I don’t know what specifically you’re speaking of, but for the stuff I know of, Mastodon uses WebFinger, which puts the important stuff inside /.well-known/, and .well-known should be blacklisted as a “username” in any of these sorts of systems, for this very reason. (https://www.rfc-editor.org/rfc/rfc8615 specifies the /.well-known/ path prefix.)

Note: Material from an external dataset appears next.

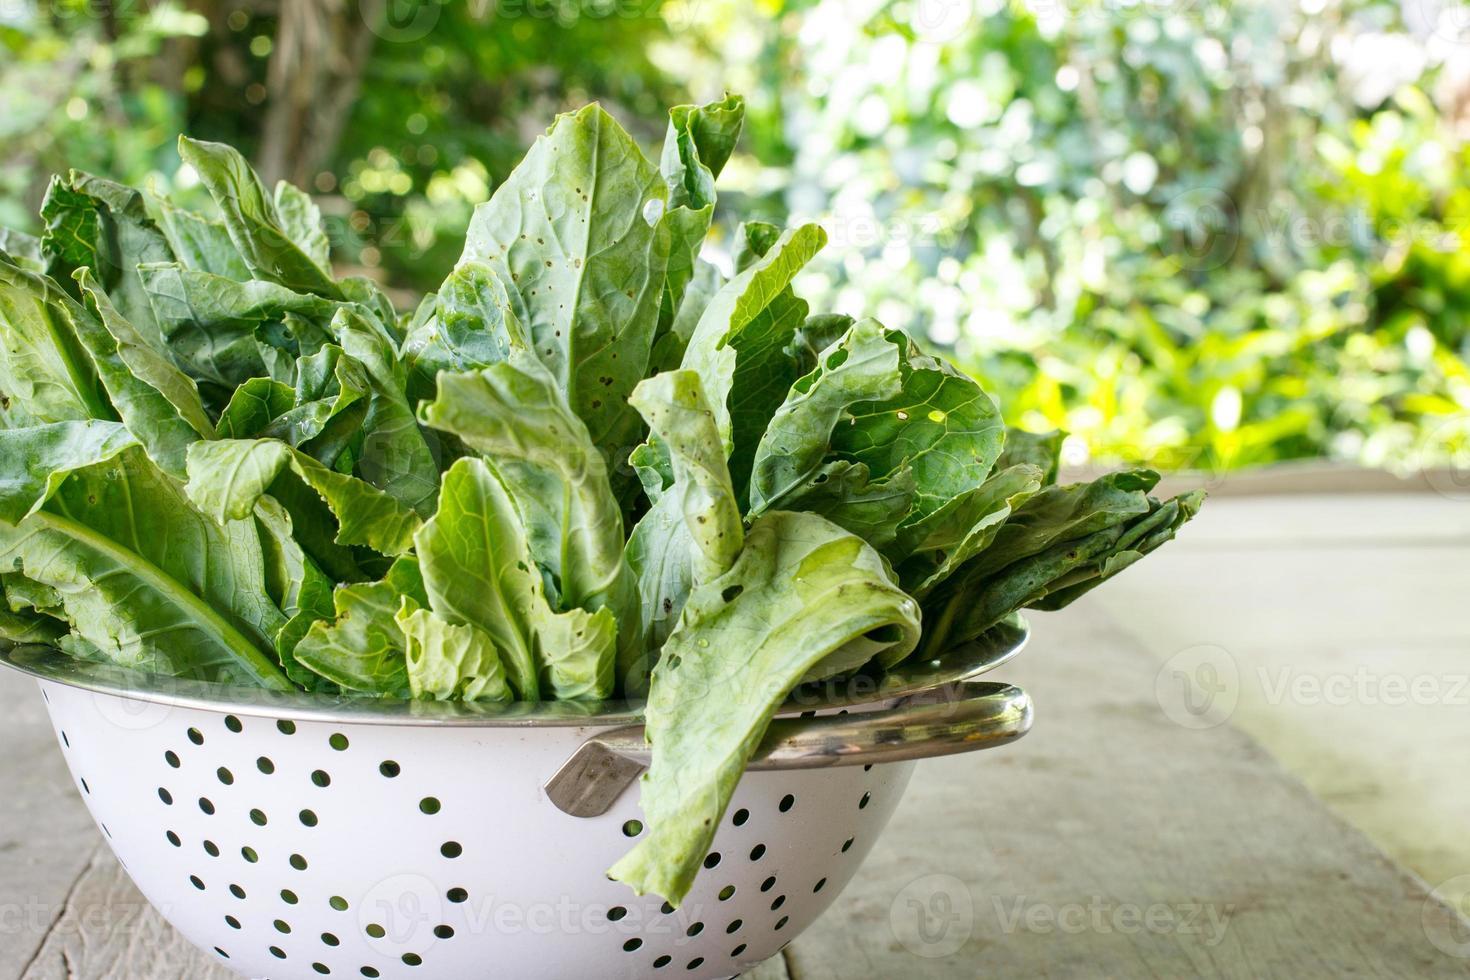 boerenkoolgroente (Chinese broccoli) foto

No, you can’t. To own s3.amazon.com the HTML on that exact domain and not a sub path needs to have a specific link back to your profile on it.
Without understanding all the context, why not just serve files directly from your smartphone? You can approve your own contact list and share keys.
Yes, of course bandwidth is a concern, but then again there should be our way to monetize, and that's entirely possible using direct payments which already exist.
A little bit of cashing, CDN, and your phone as the initial file server. Tag a photo or video has shared.
Really it's just an RSS feed and CDN.
I think this is not about using s3 to serve files, but someone having verified owning s3 on bsky by putting some challenge file in his bucket. My guess, also missing context.
That is correct.
1. Bluesky allows you to use a domain as a handle by creating a TXT record on an _atproto subdomain of the domain you wish to use (see https://mxtoolbox.com/SuperTool.aspx?action=txt%3a_atproto.s... for mine)
2. You can also serve up your DID by having the URL "https://<handle>/xprc/com.atproto.identity.resolveHandle" return the DID.
3. AWS buckets have the URL structure http://s3.amazonaws.com/[bucket_name]/
4. register "xrpc" as an S3 bucket, drop a file named "com.atproto.identity.resolveHandle" with the correct JSON in it
5. boom! your username can now be s3.amazonaws.com
Hope that helps.
5 replies →
Like Pied Piper? If yes, there is an entire show on it.